We lease six DC-9s, one B737 and 42 B717s under operating leases with terms that expire through 2021. We have the option to renew the DC-9 leases for one or more periods of not
less than six months. We have the option to renew the B717 leases for periods ranging from one to four years. The B717 leases have purchase options at or near the end of the lease
term at fair market value, and two have purchase options based on a stated percentage of the lessors defined cost of the aircraft at the end of the 13th year of the lease term. The B717
leases are the result of sale/leaseback transactions. Deferred gains from these transactions are being amortized over the terms of the leases. At December 31, 2002 and 2001, unamortized
deferred gains were $73.7 million and $44.1 million, respectively. See Note 6. We also lease facilities from local airport authorities or other carriers, as well as office space under operating
leases with terms ranging from one month to 12 years. In addition, we lease ground equipment and certain rotables under capital leases.
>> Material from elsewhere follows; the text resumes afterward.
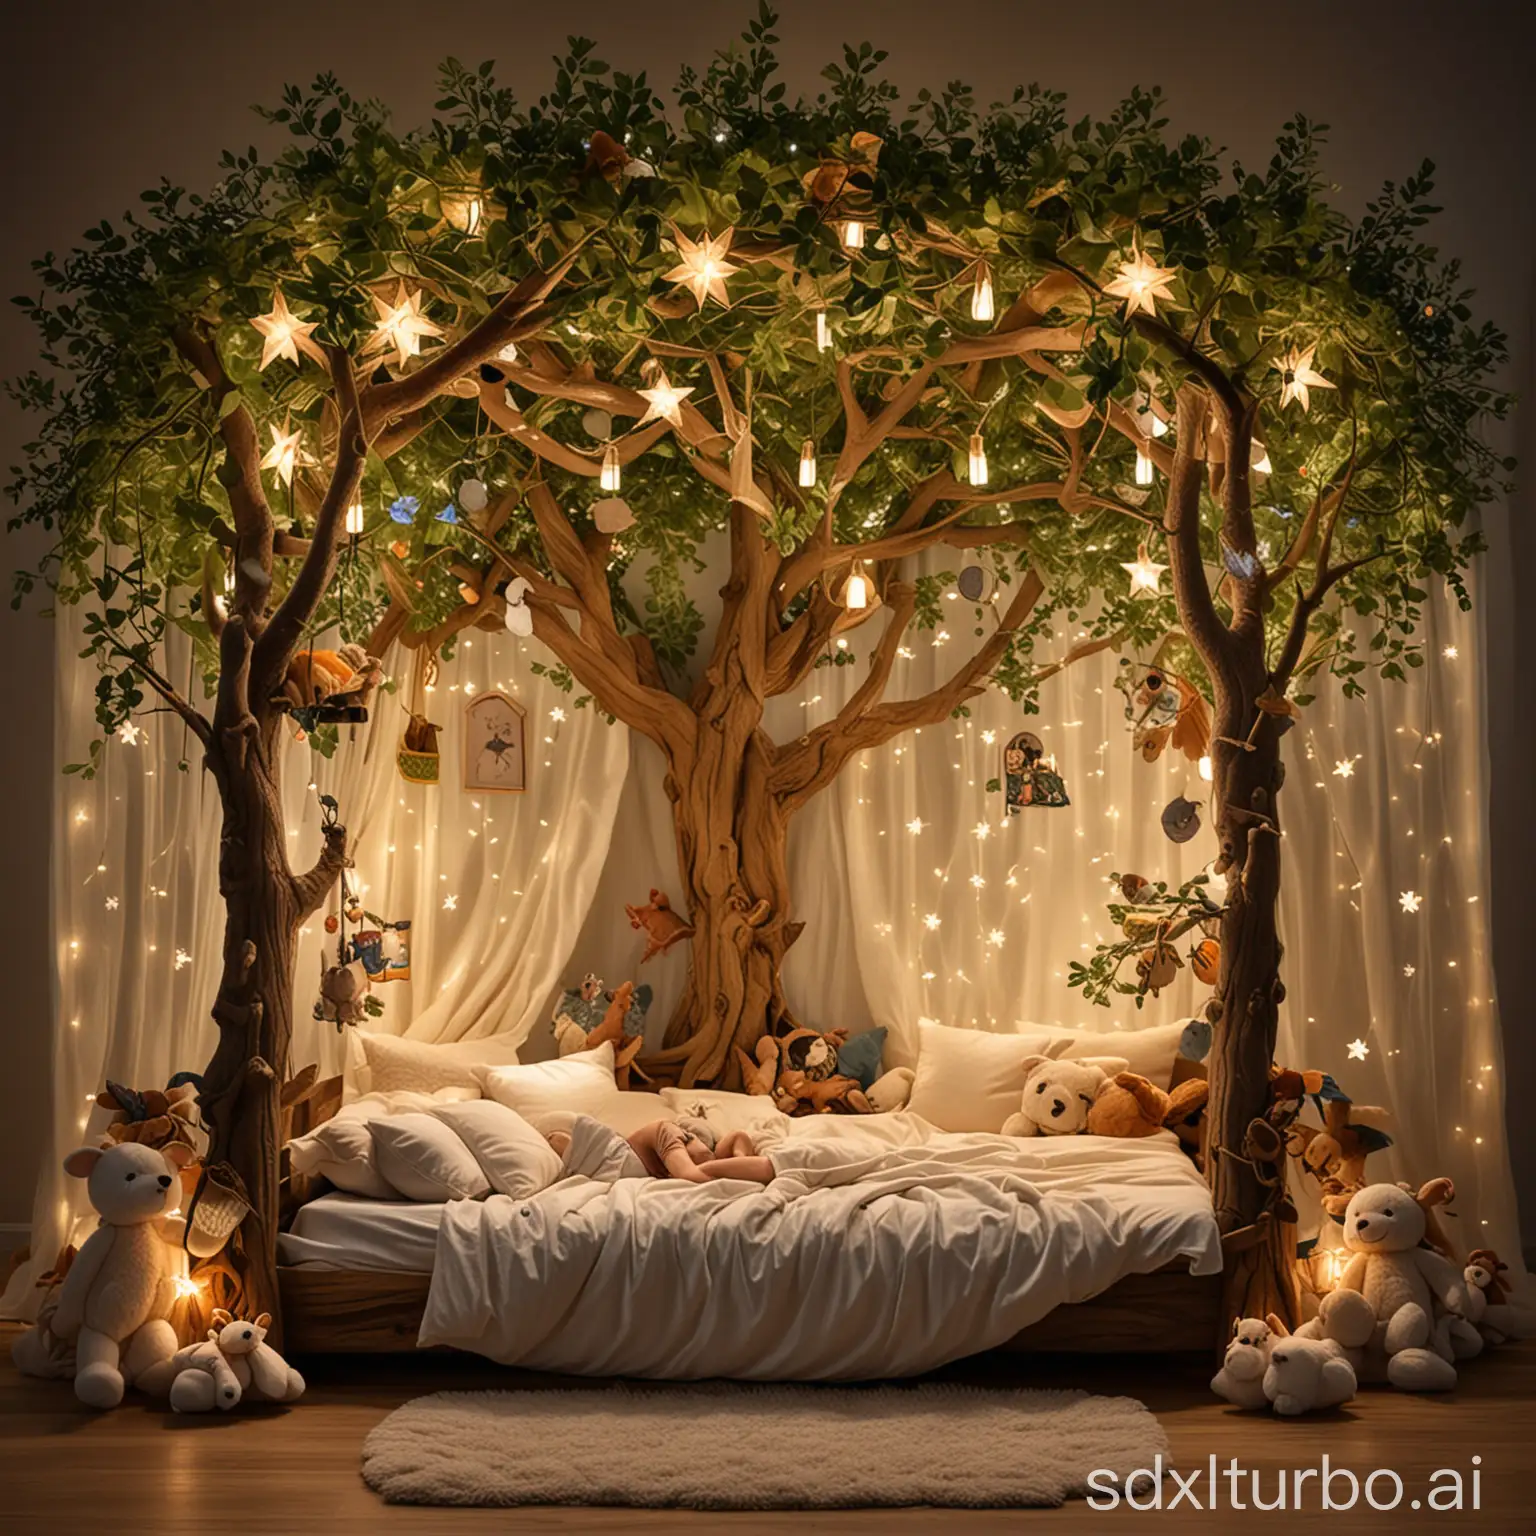  Ein Junge schläft in einem Bett, das wie ein Baumhaus gestaltet ist. Umgeben von Plüsch-Tieren und weichen Kissen in Form von Blättern und Blumen, träumt er von Abenteuern im magischen Märchenwald. Über ihm funkeln LED-Sternenlichter, die an den Ästen angebracht sind.

The amounts applicable to capital leases included in property and equipment were (in thousands):
As of December 31,
2002 2001
Flight equipment $3,330 $2,627
Less: Accumulated depreciation (576) (285)
$2,754 $2,342
The following schedule outlines the future minimum lease payments at December 31, 2002, under noncancelable operating leases and capital leases with initial terms in excess of one
year (in thousands):
Capital Operating
Leases Leases
2003 $ 760 $ 133,187
2004 709 128,210
2005 244 126,153
2006 174 123,912
2007 160 121,336
Thereafter – 1,160,381
Total minimum lease payments 2,047 $1,793,179
Less: amount representing interest (264)
Present value of future payments 1,783
Less: current obligations (627)
Long-term obligations $1,156
Capital lease obligations are included in long-term debt in our Consolidated Balance Sheets. Amortization of assets recorded under capital leases is included as Depreciationin the
Consolidated Statements of Operations.